> _THE TASK_: Every line from the line containing "A321-200 JetBlue N974JT" through the end of the data is to be reproduced exactly, excluding pictures.

== DATASET EXTRACT ==

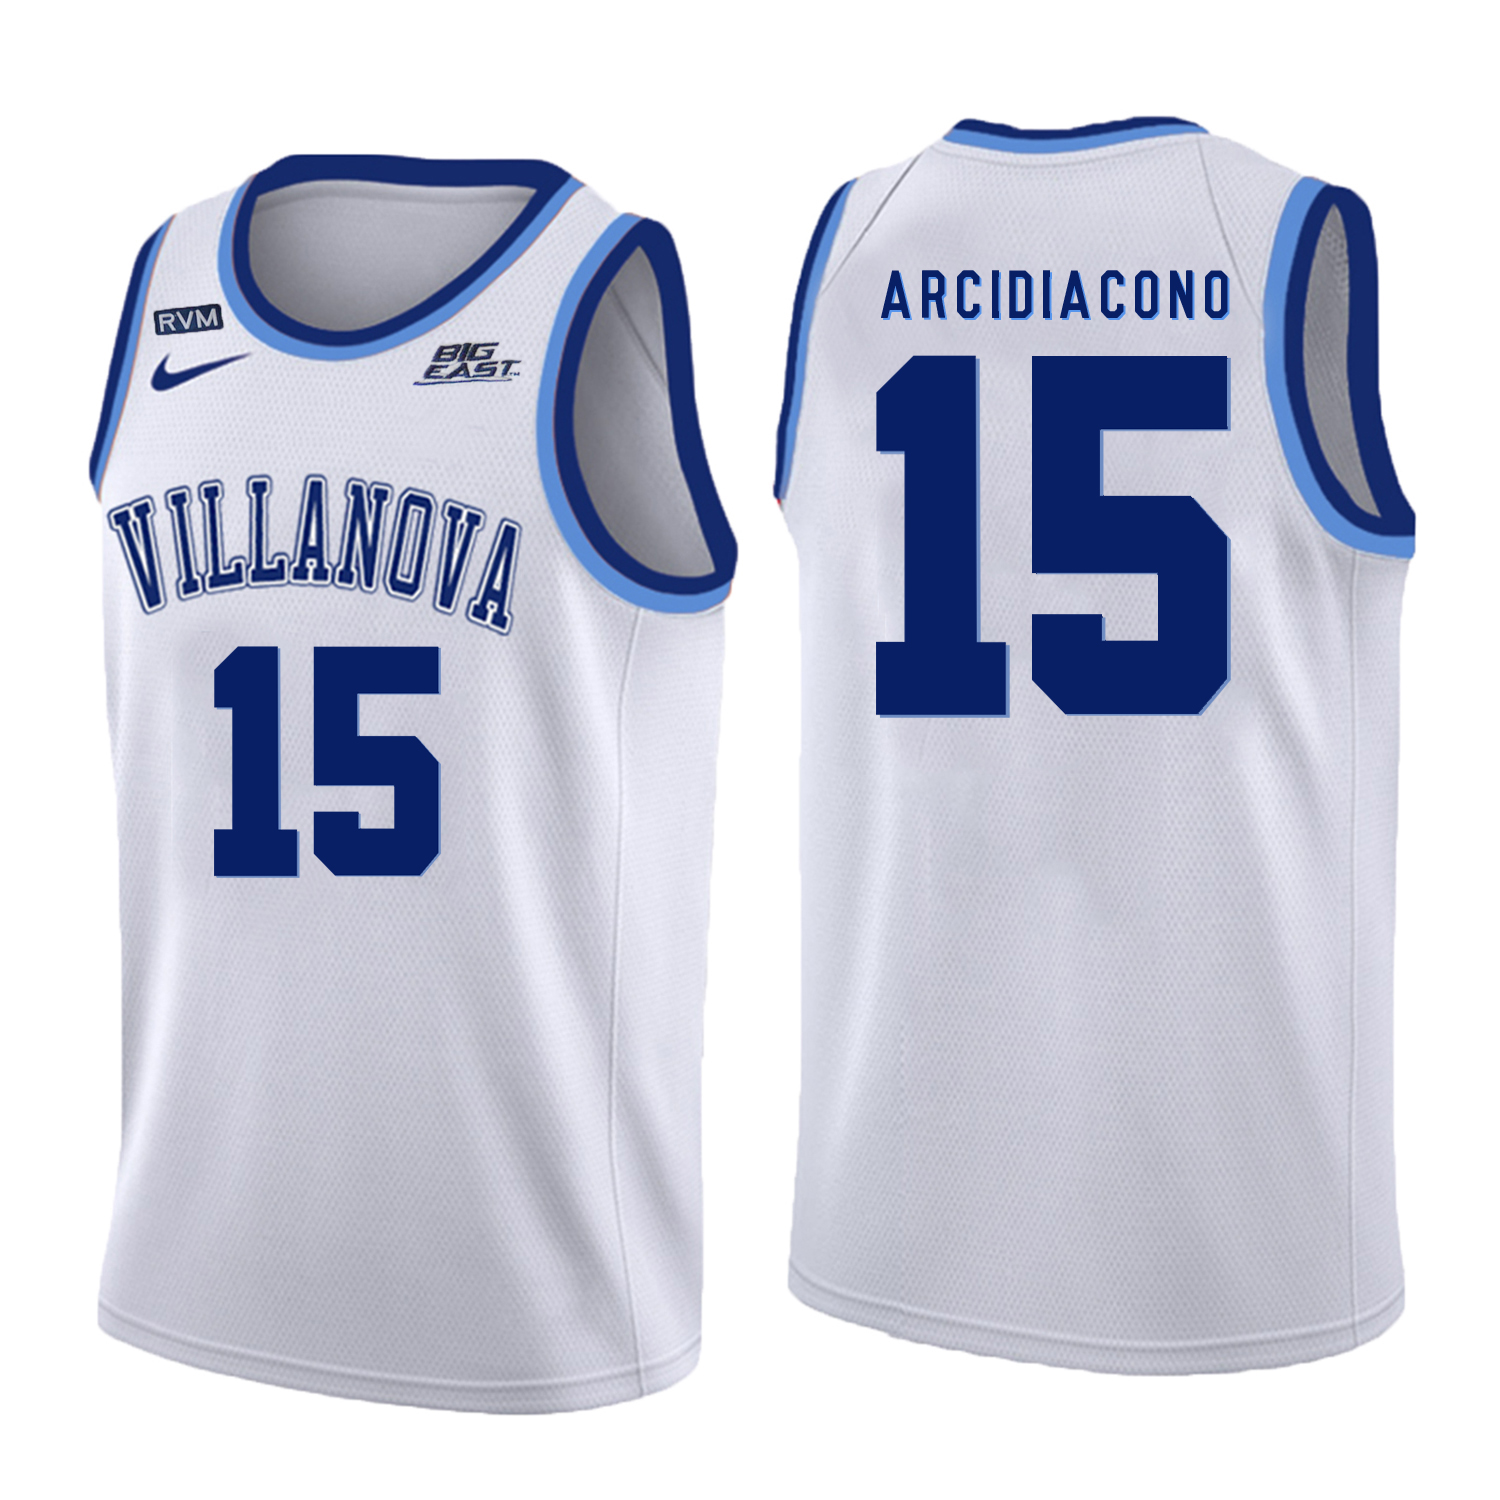 Villanova Wildcats 15 Ryan Arcidiacono White College Basketball Jersey
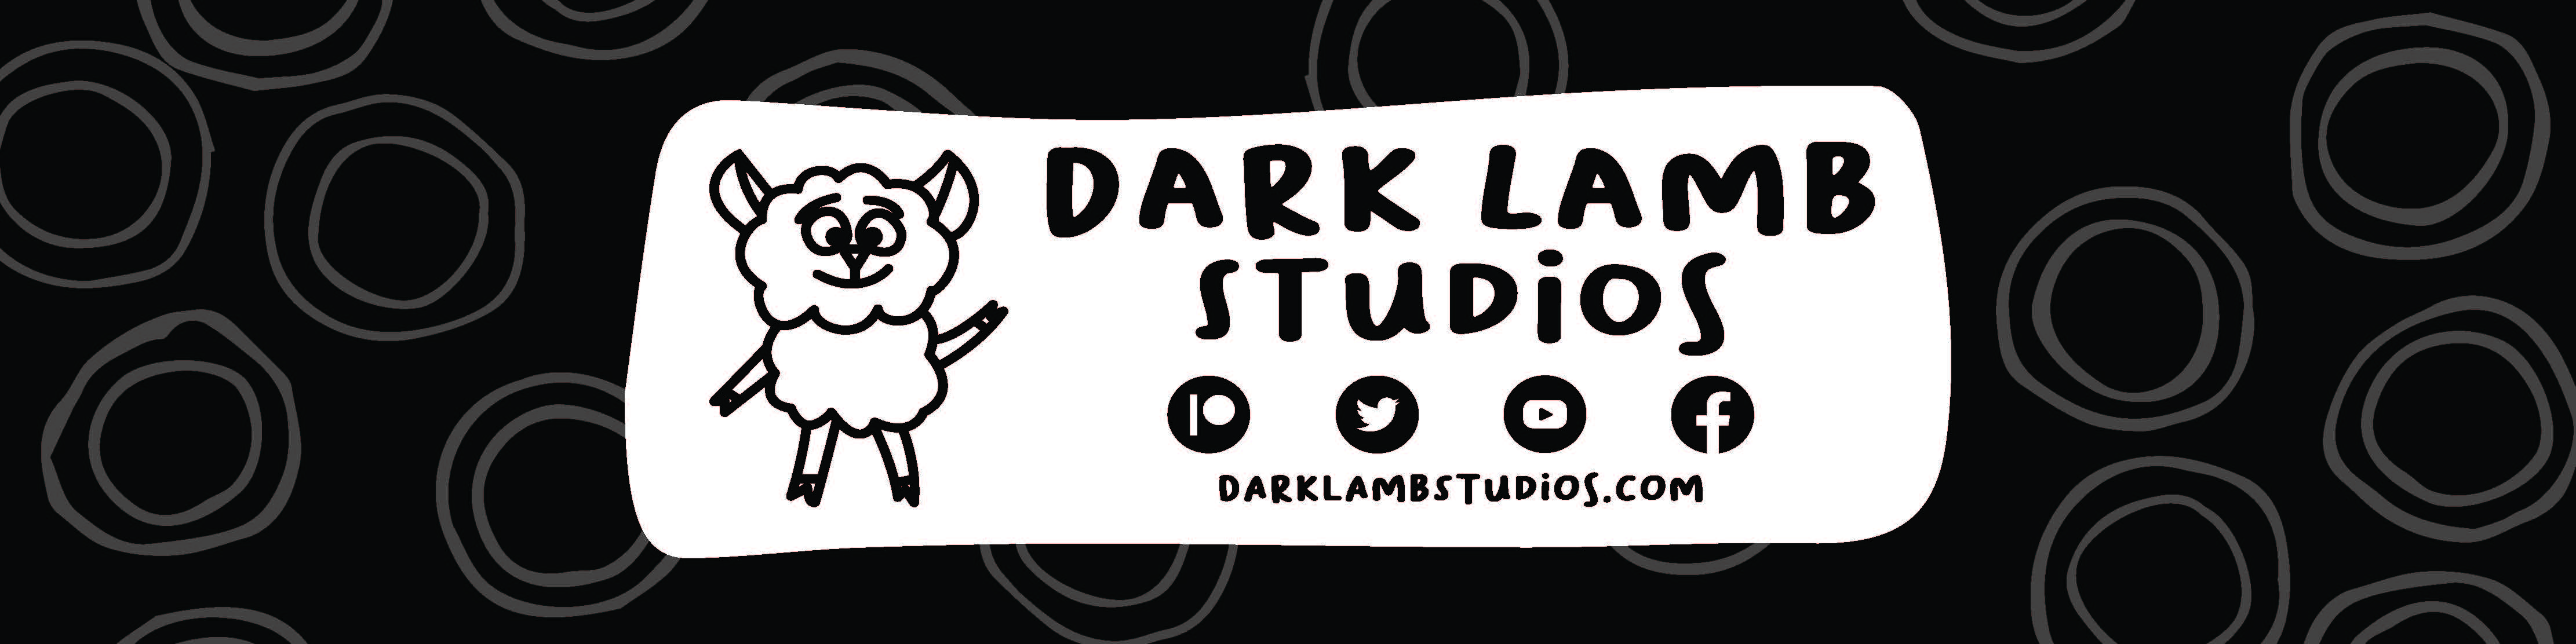 Dark Lamb Studios Header - Lambo the Mascot is waving. Catch us on Patreon, Twitter, YouTube, and Facebook.
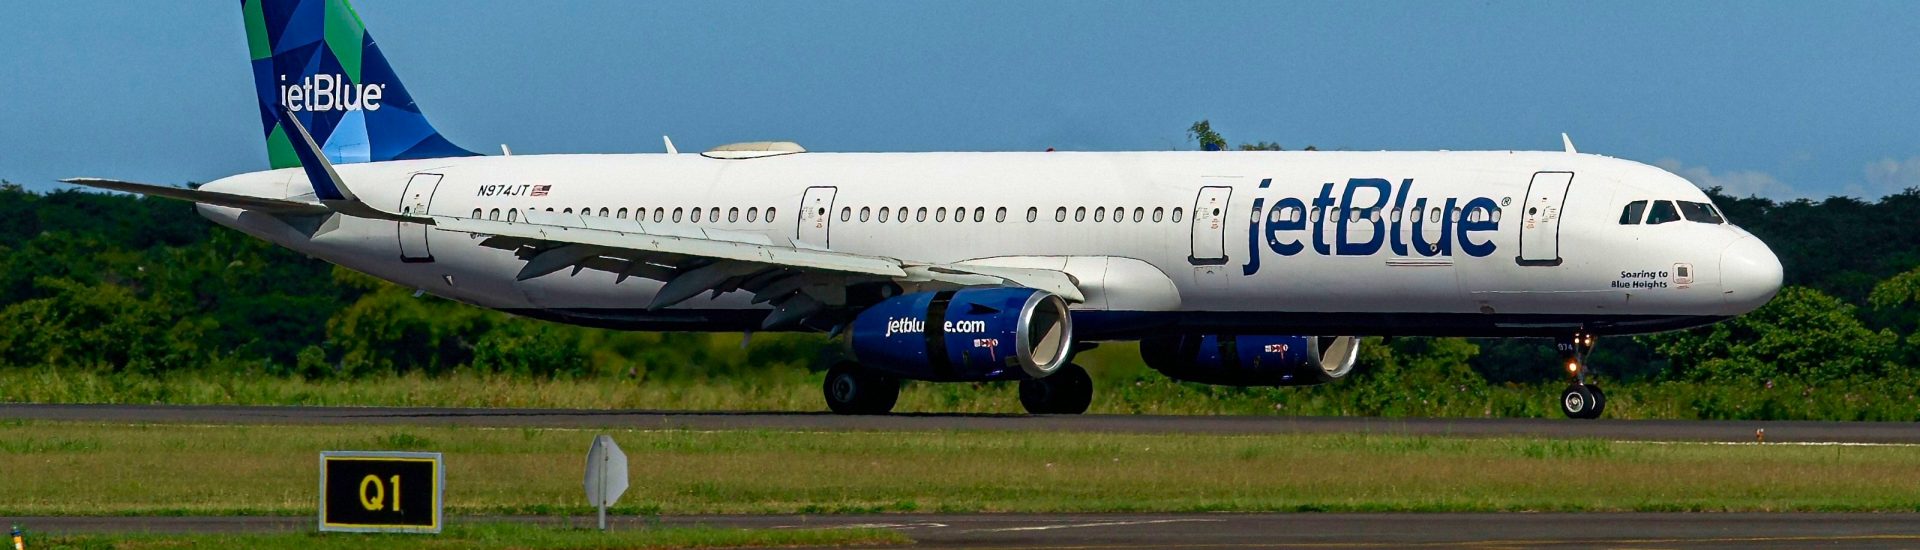 A321-200 JetBlue N974JT
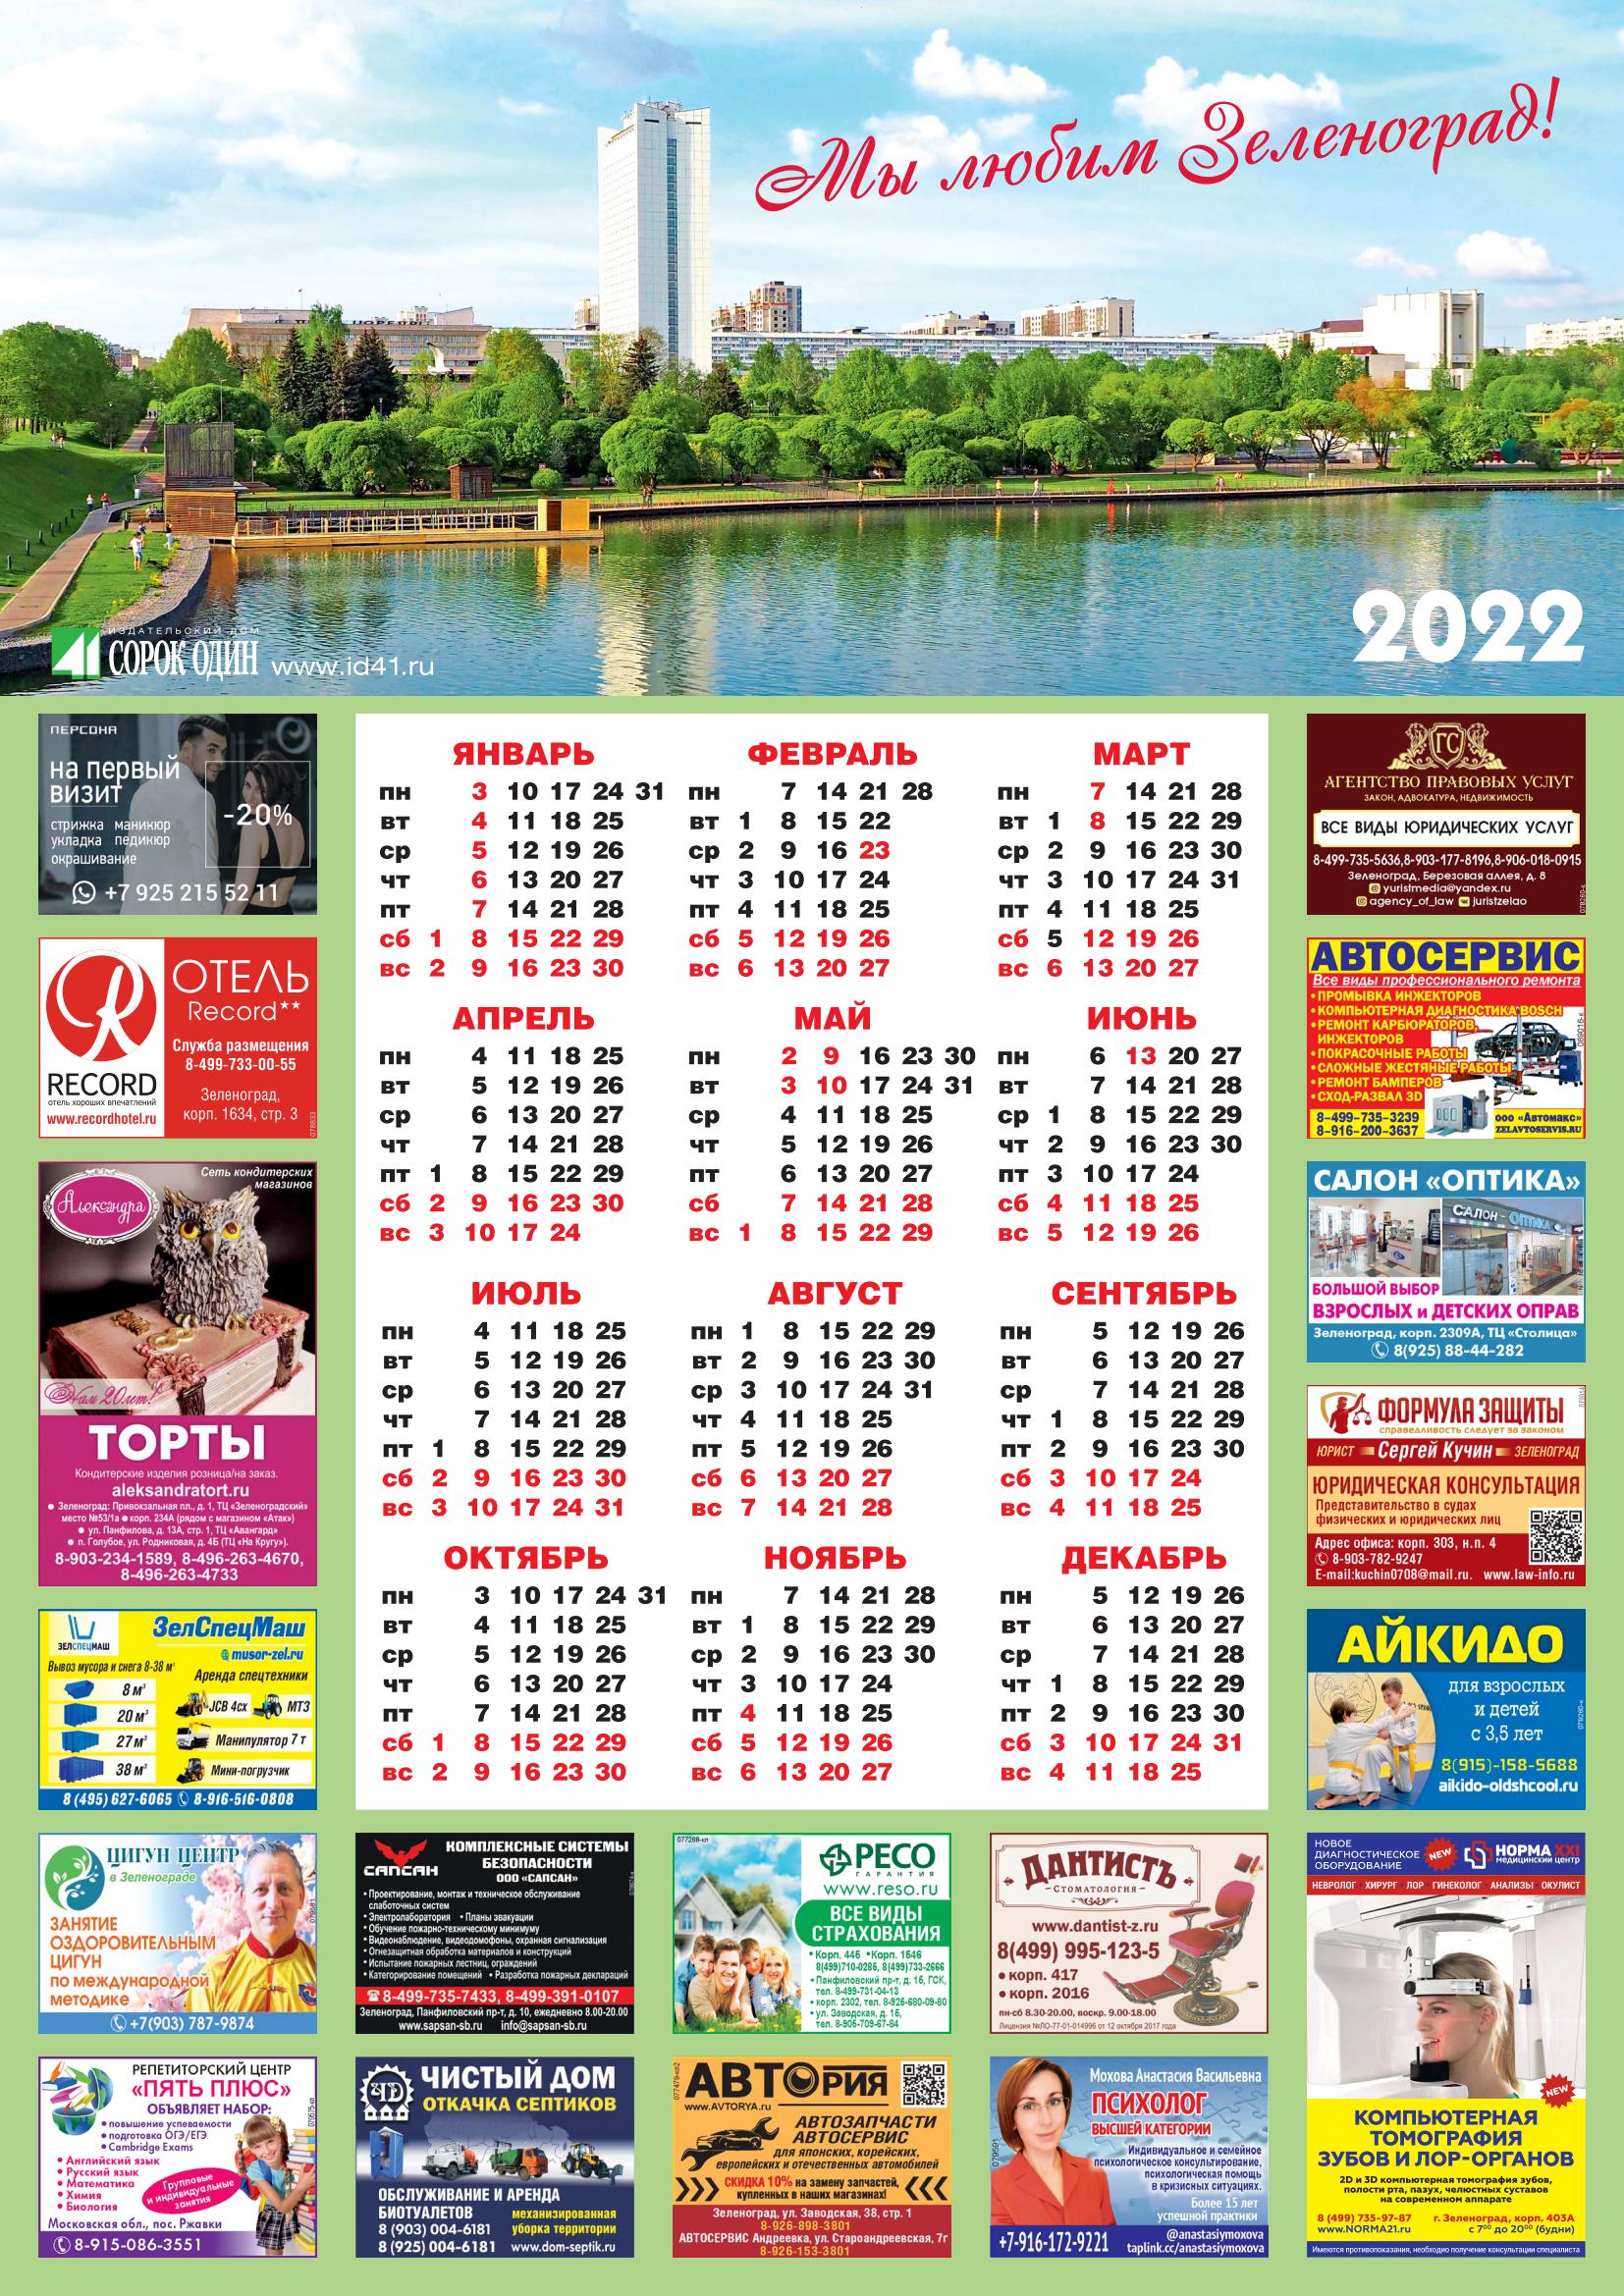 Календарь «Мы любим Зеленоград!» А2 2022

===

> _TASK OUTPUT_:
 A321-200 JetBlue N974JT
 Календарь «Мы любим Зеленоград!» А2 2022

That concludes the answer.